The Twitter takeover was additionally celebrated internationally by the likes of El Salvador’s megalomaniac-in-chief Nayib Bukele, who, like Trump, prefers to control by social media, and who produced numerous congratulatory tweets with festive emojis. Bukele went on to tweet a Reuters article about new Twitter “hate speech considerations” raised by human rights teams, and added the next encouraging remark in English: “Hahaha go Elon!”

This is identical Bukele, after all, who’s at present presiding over a home “state of emergency” that has served because the pretext for the indefinite suspension of human rights, civil liberties, and all that great things. A further legislation spontaneously enacted in early April threatens “anybody who shares details about gangs with as much as 15 years in jail”, as The New York Occasions notes – a transfer that successfully criminalises the dialogue of Salvadoran actuality. A lot without cost speech.

However again to Musk’s imaginative and prescient of “free speech” that’s in the end not free – and I’m not simply speaking concerning the $44bn price ticket. He speaks of the perfect “functioning democracy” during which Twitter serves because the “digital city sq.” – and but the Muskian view of democracy is one during which he and he alone is in control of the universe, whether or not or not the lowly plenty realise their nice fortune in having acquired such an overlord.

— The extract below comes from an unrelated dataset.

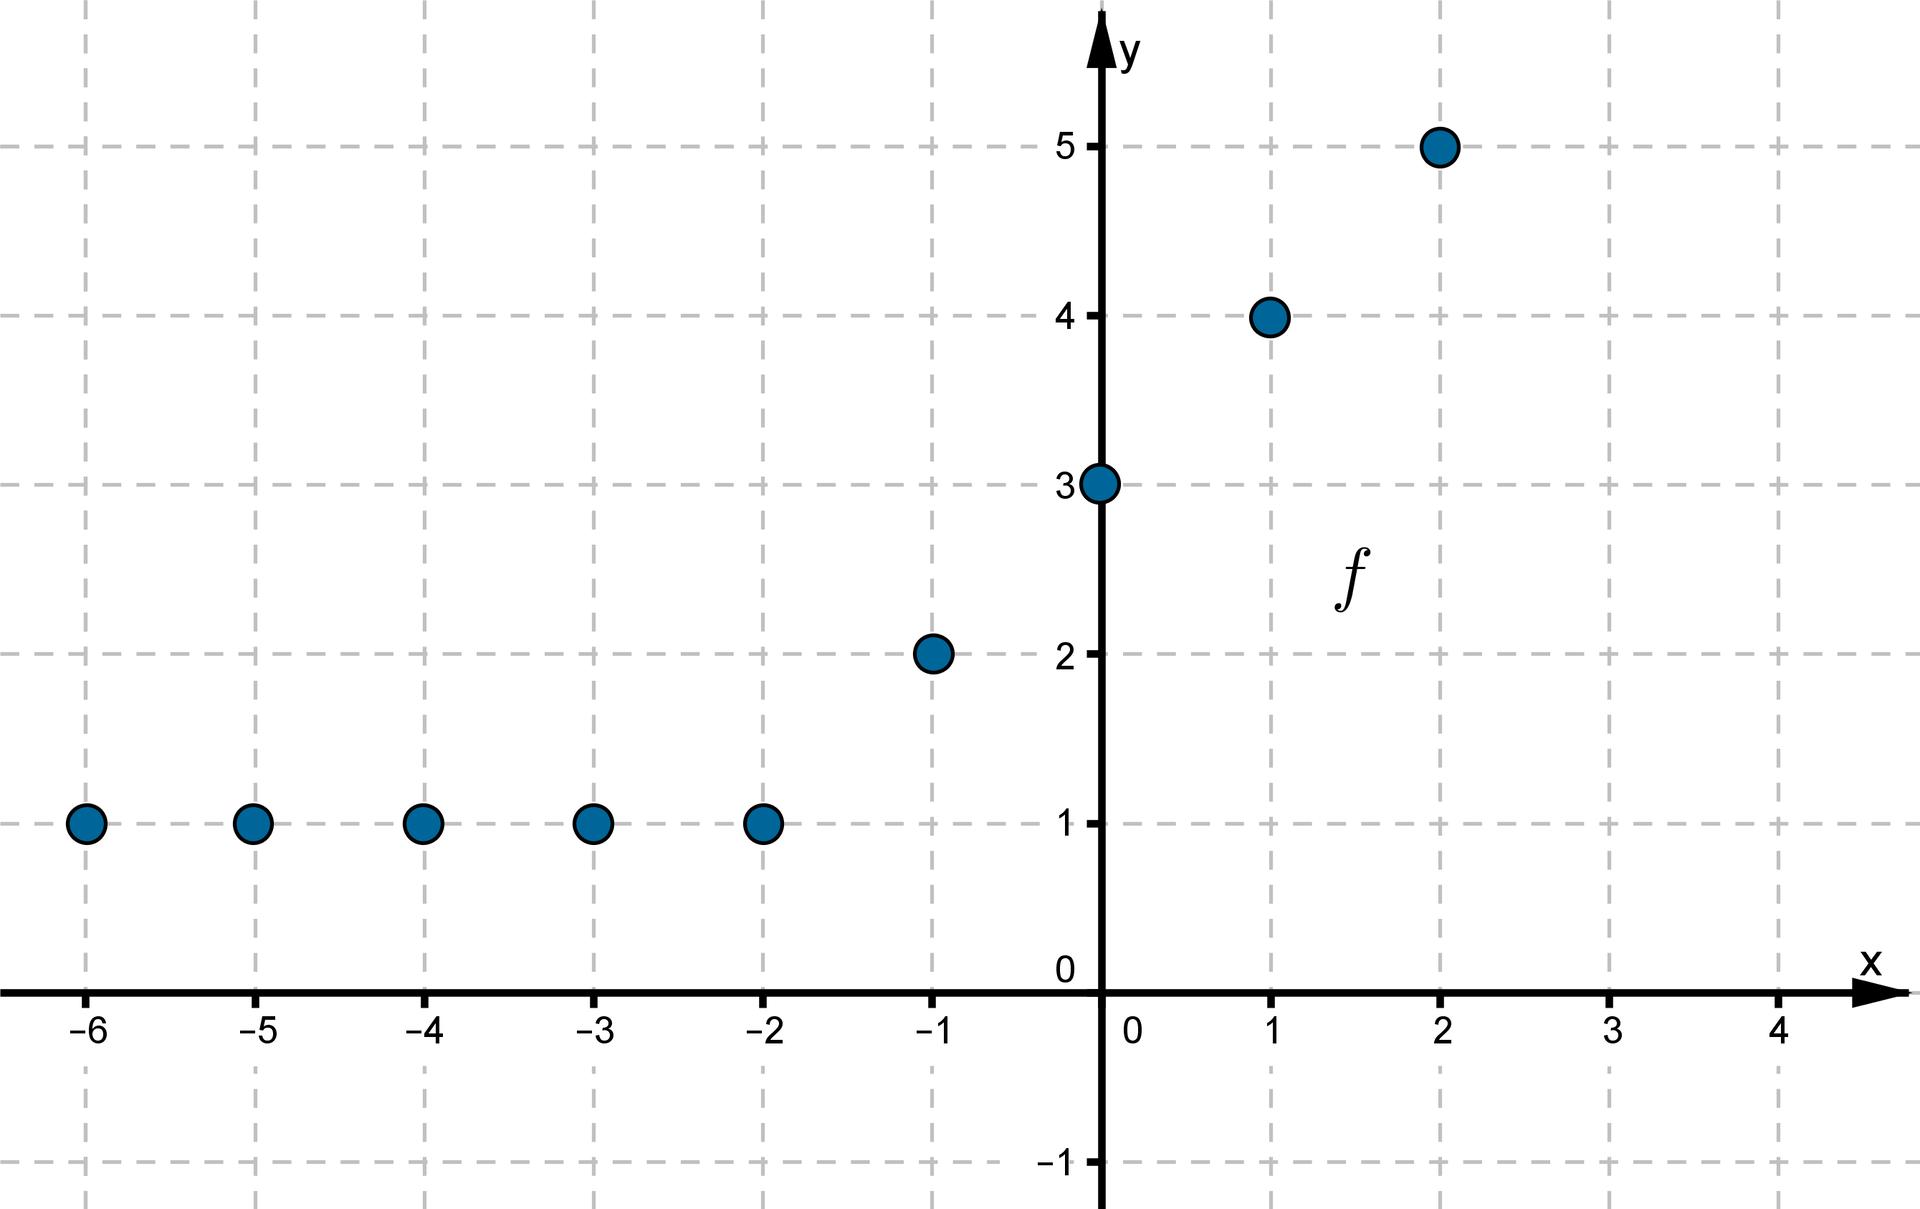 Wykres funkcji składa się zdziewięciu punktów owspółrzędnych (-6, 1), (-5, 1), (-4, 1), (-3, 1), (-2, 1), (-1, 2), (0, 3), (1, 4), (2, 5).

Ultimately, Musk is hardly an aberration from the grotesque course of capitalism within the US, the place the tyranny of the elite and widespread “human distress” – to applicable the phrases of Time journal – is marketed as a functioning democracy. And whereas Musk has pledged to “make Twitter higher than ever by enhancing the product with new options … and authenticating all people”, none of that is very human in any respect.

The views expressed on this article are the writer’s personal and don’t essentially mirror Al Jazeera’s editorial stance.